Book Review
I have avoided writing this essay. This essay was really supposed to be strictly a review, written and published a year ago. In the world of publishing, reviews are timely and scheduled around commercial purposes. But nothing about life since the publication of Maps of Injury has been timely or felt purposeful.
So this review-cum-essay is not timely, and, with a few freak exceptions, poetry is not commercial. But despite the way our lives over the past sixteen months in the U.S. and across the globe have shifted and morphed and disintegrated and risen again as something new, for this reader, this reviewer, at least, the poems in this book feel oddly prescient, incredibly personal, and devastatingly timely—which made them difficult to write about.
Published in early 2020, Chera Hammons’s collection of poems was one of those books for which marketing and promotion was slowed, crippled, or felled by the first wave, and then the second wave, of the pandemic. This is sadly apt for a book that is largely about being slowed, sometimes crippled, and occasionally felled by chronic illness. These poems were written in a pre-COVID life, about a speaker who lives and sometimes suffers with an insidious and unpredictable, but ever-present illness that creates invisible disability.

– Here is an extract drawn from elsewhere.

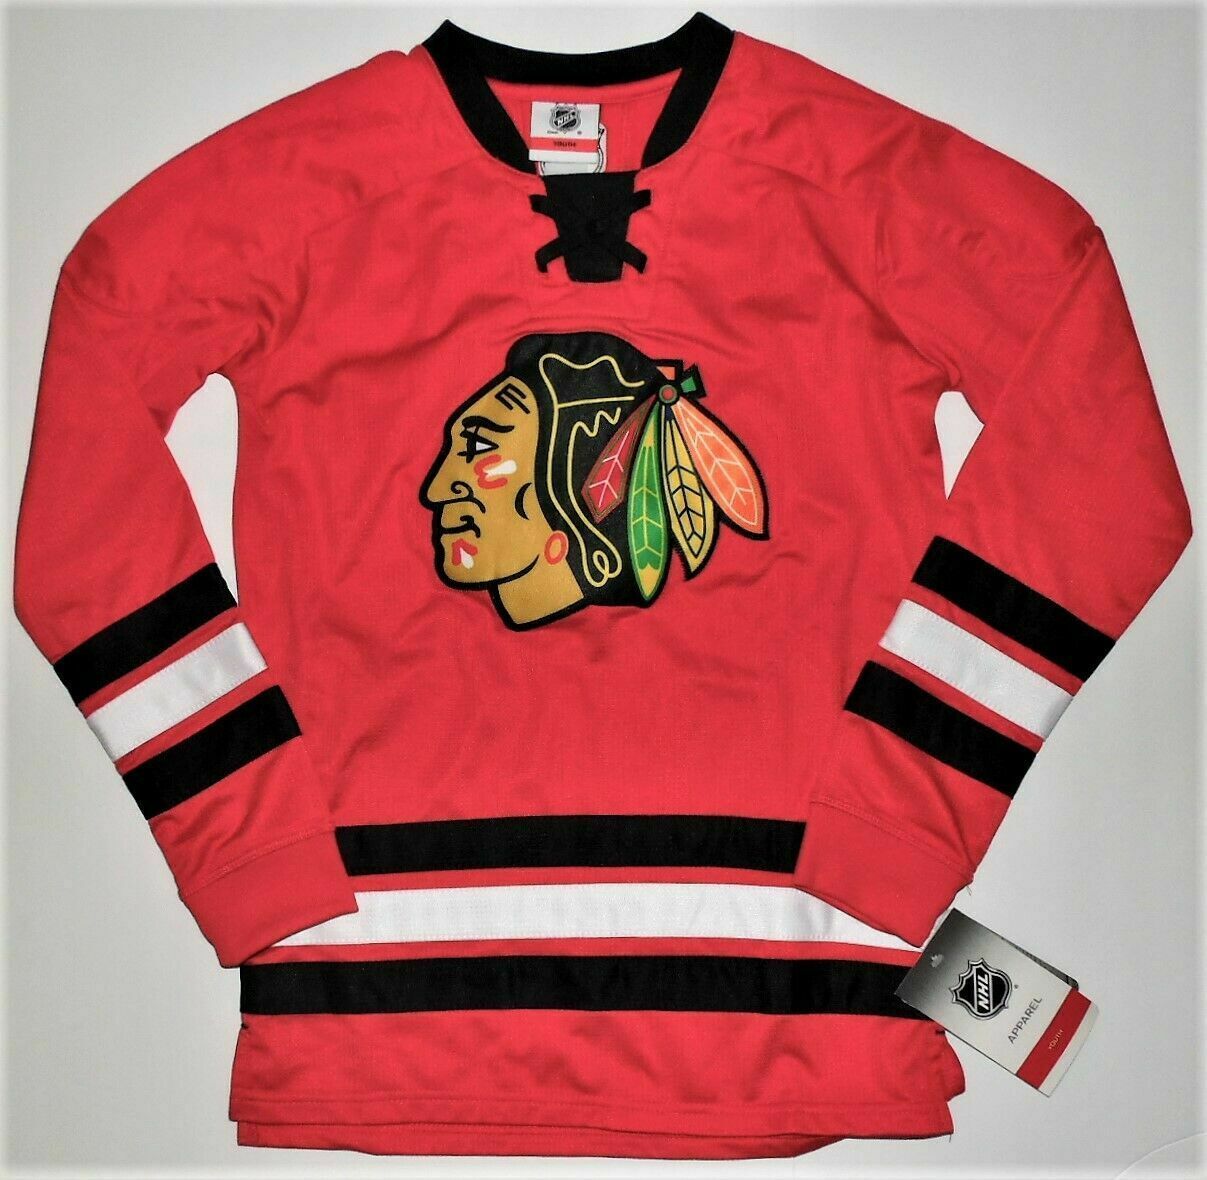 Primary image for NHL Apparel Boys Chicago Blackhawks Jersey Size Medium 10-12 NWT

When I read them, initially, I was a woman who was just beginning to suffer from an insidious and unpredictable, but ever-present illness that creates invisible disability.
But as a reviewer, you want to write what is relevant for many readers. A wide audience. I cannot speak for many readers; however, I suspect that Hammons’s ideal audience is quite wide and growing larger as the pandemic continues into this fourth Omicron-variant-driven wave, as people are left to contend with not just the loss of loved ones, but with the infection’s potentially life-altering aftermath: the loss of one’s general health, the loss of a body’s function.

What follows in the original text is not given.